RAW DATA:
====================

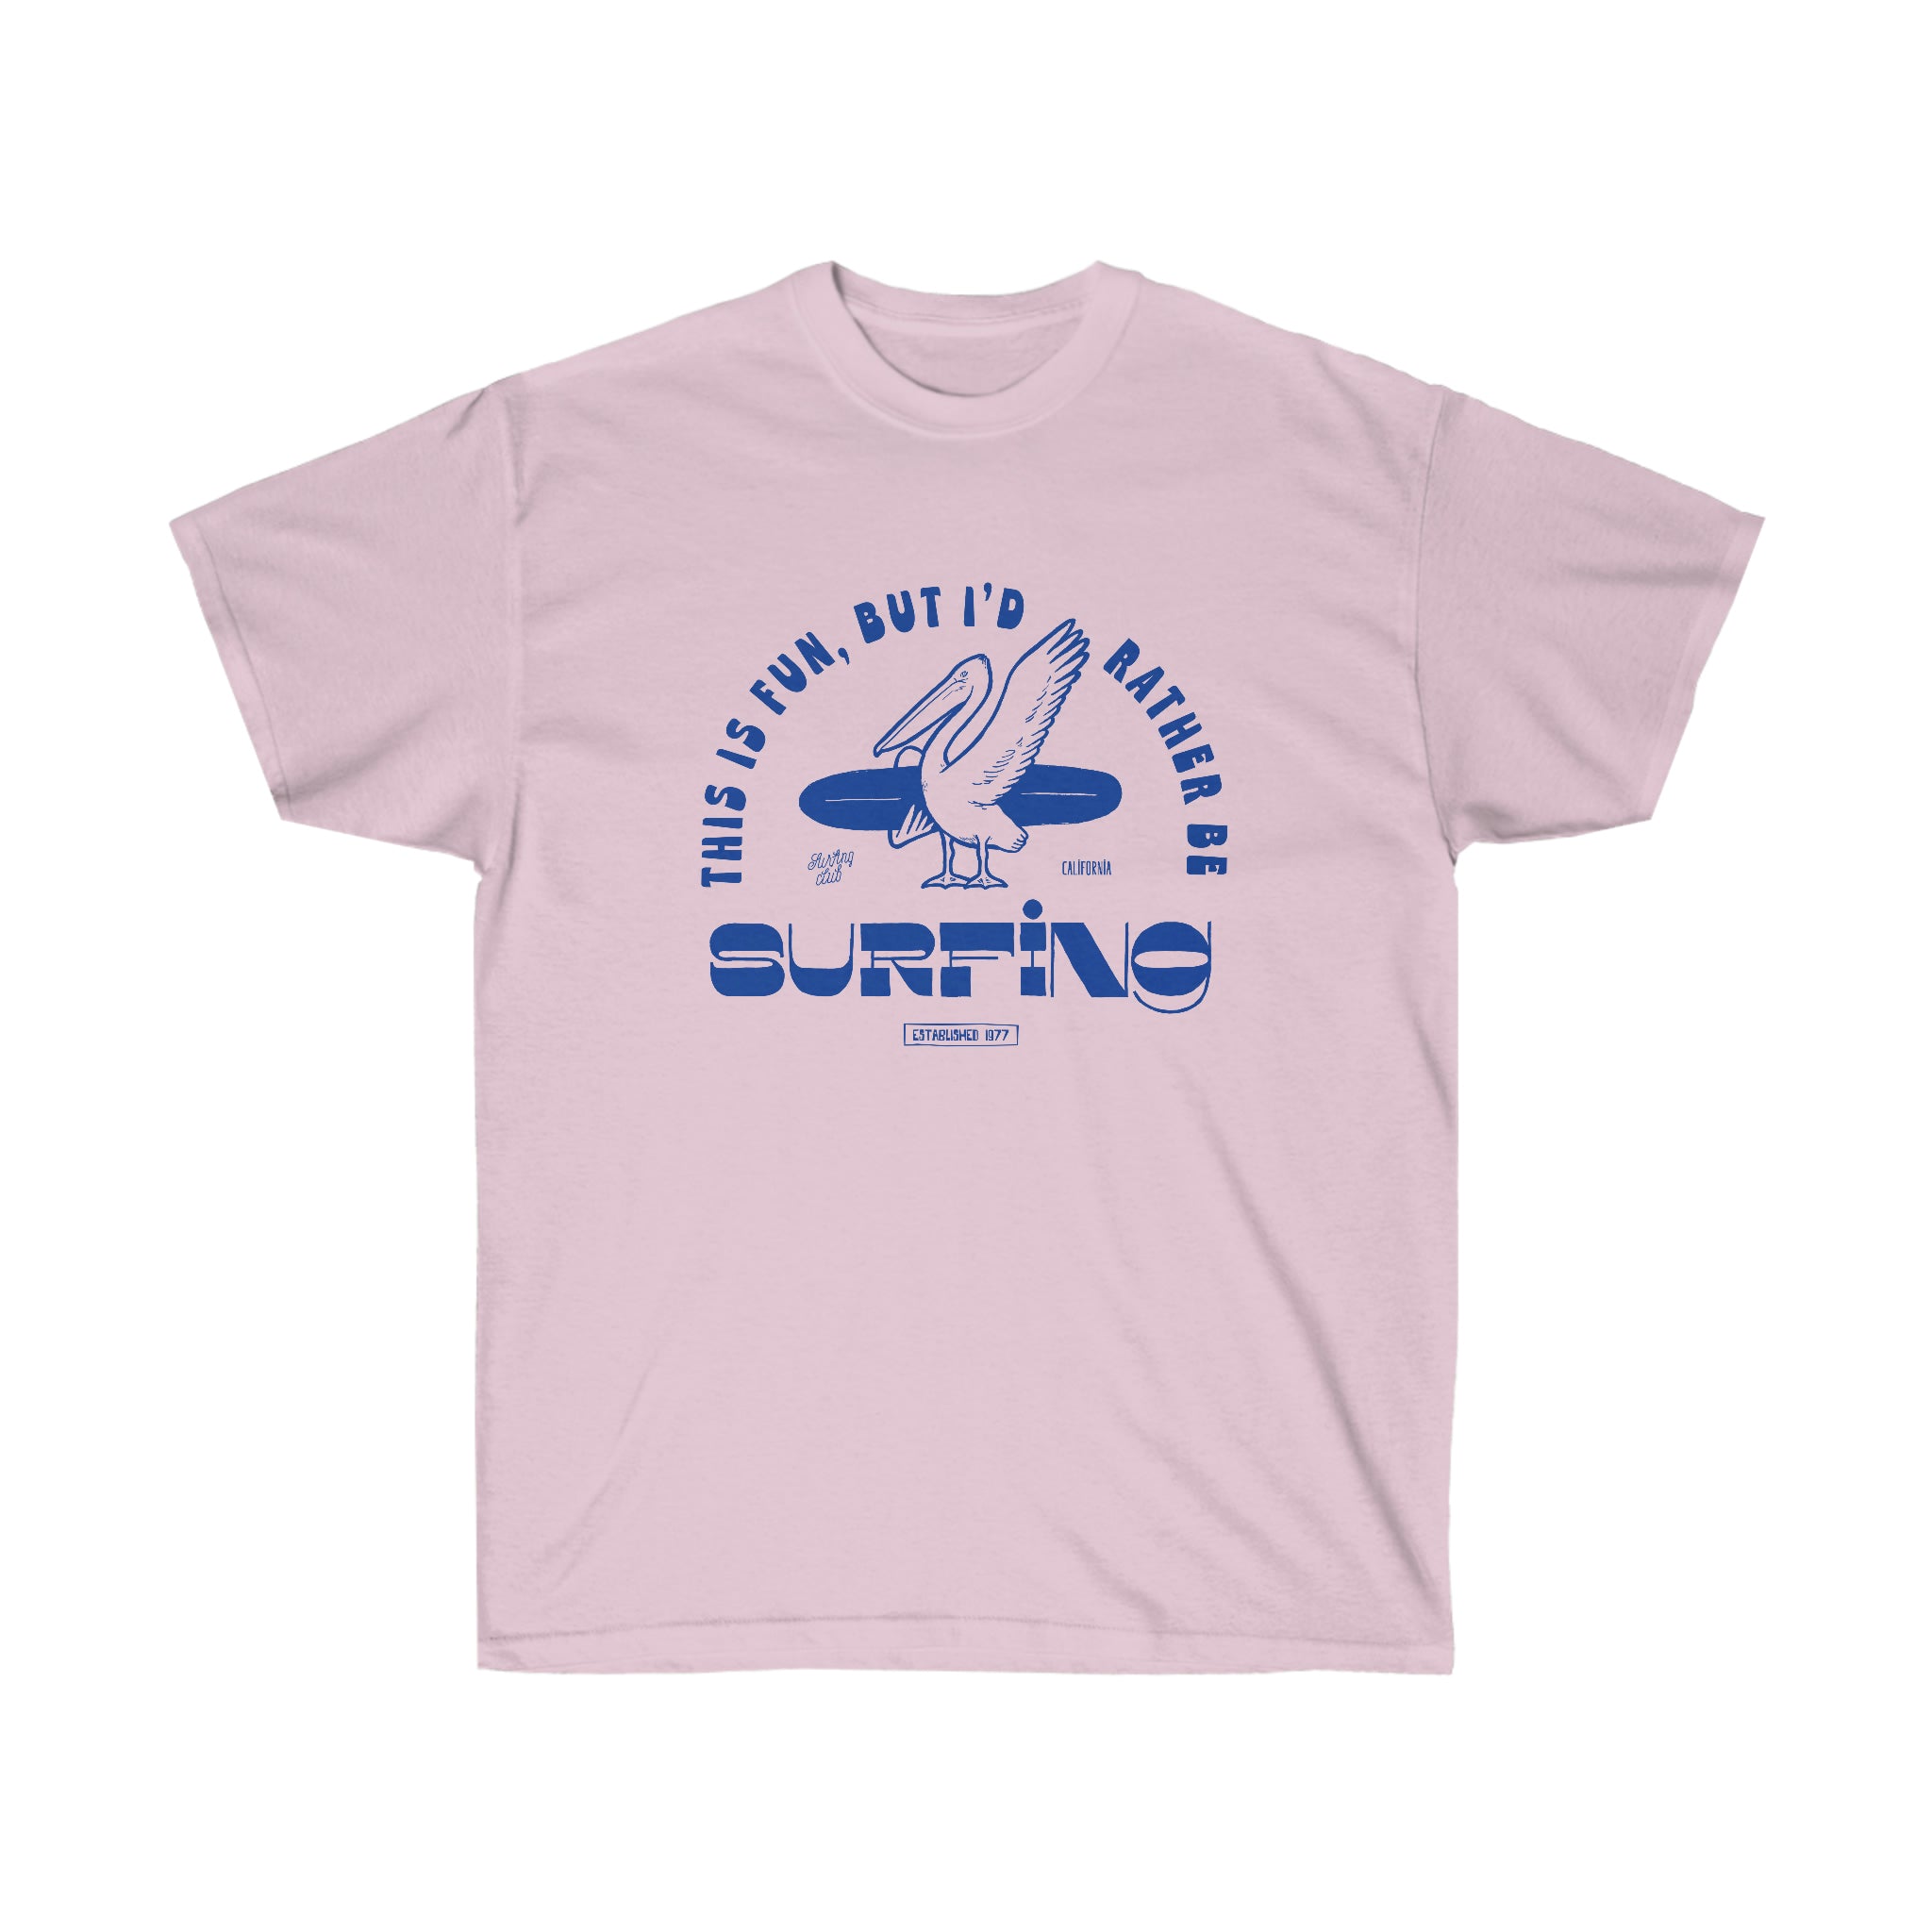 I'd rather be surfing pelican graphic tee. Available in pink and red.  This unisex ultra cotton tee is a classic. Quality cotton construction and the shoulders are tapped for a good upper-body fit. There are no side seams, ensuring a 
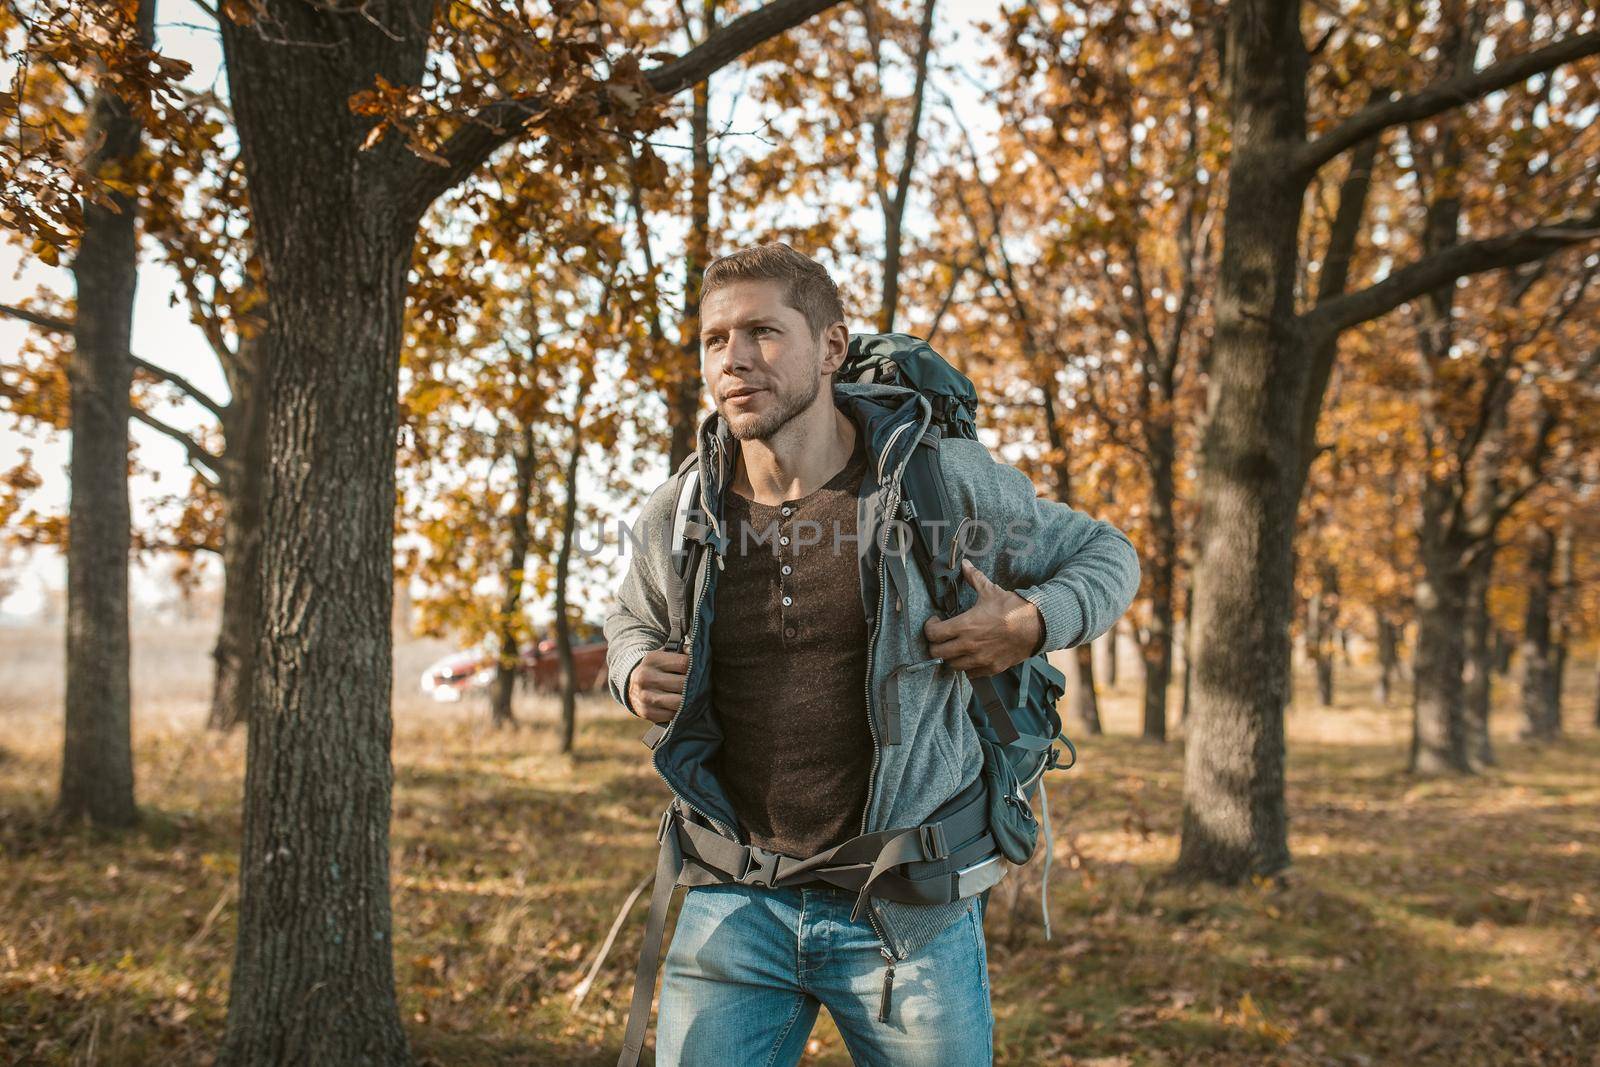 Tourist at the beginning of the journey. An inspired guy with a big backpack got out of a red car and begins his journey through the autumn forest. Hiking concept.
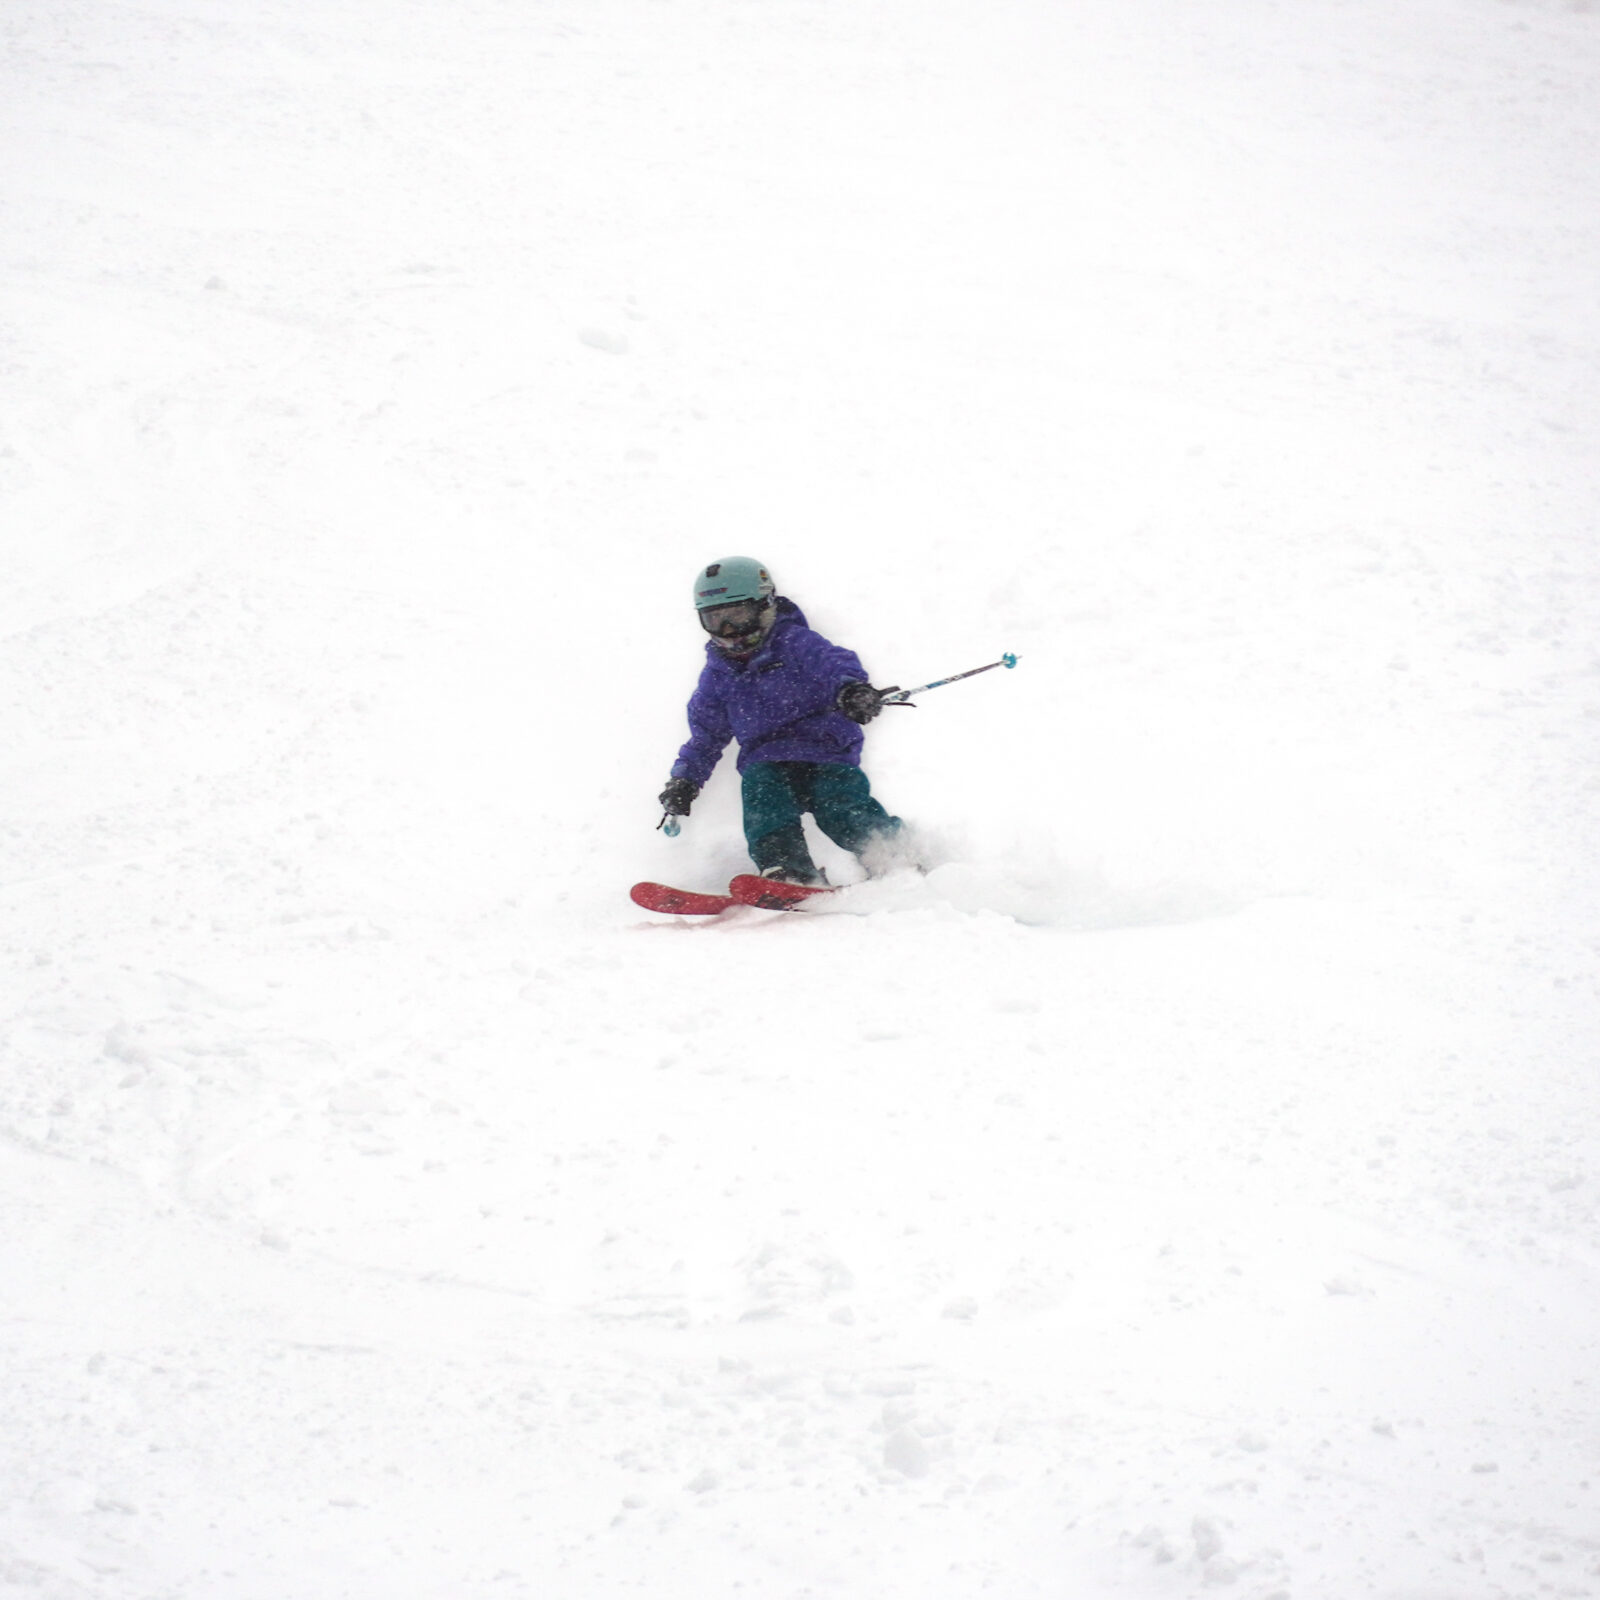 Young skier in blue making a turn on a stormy day.

====================

TO DO: All the lines above are to be given again exactly as they read, with the pictures removed.

REPLY TO THE EXERCISE:
 I'd rather be surfing pelican graphic tee. Available in pink and red.  This unisex ultra cotton tee is a classic. Quality cotton construction and the shoulders are tapped for a good upper-body fit. There are no side seams, ensuring a 
 Tourist at the beginning of the journey. An inspired guy with a big backpack got out of a red car and begins his journey through the autumn forest. Hiking concept.
 Young skier in blue making a turn on a stormy day.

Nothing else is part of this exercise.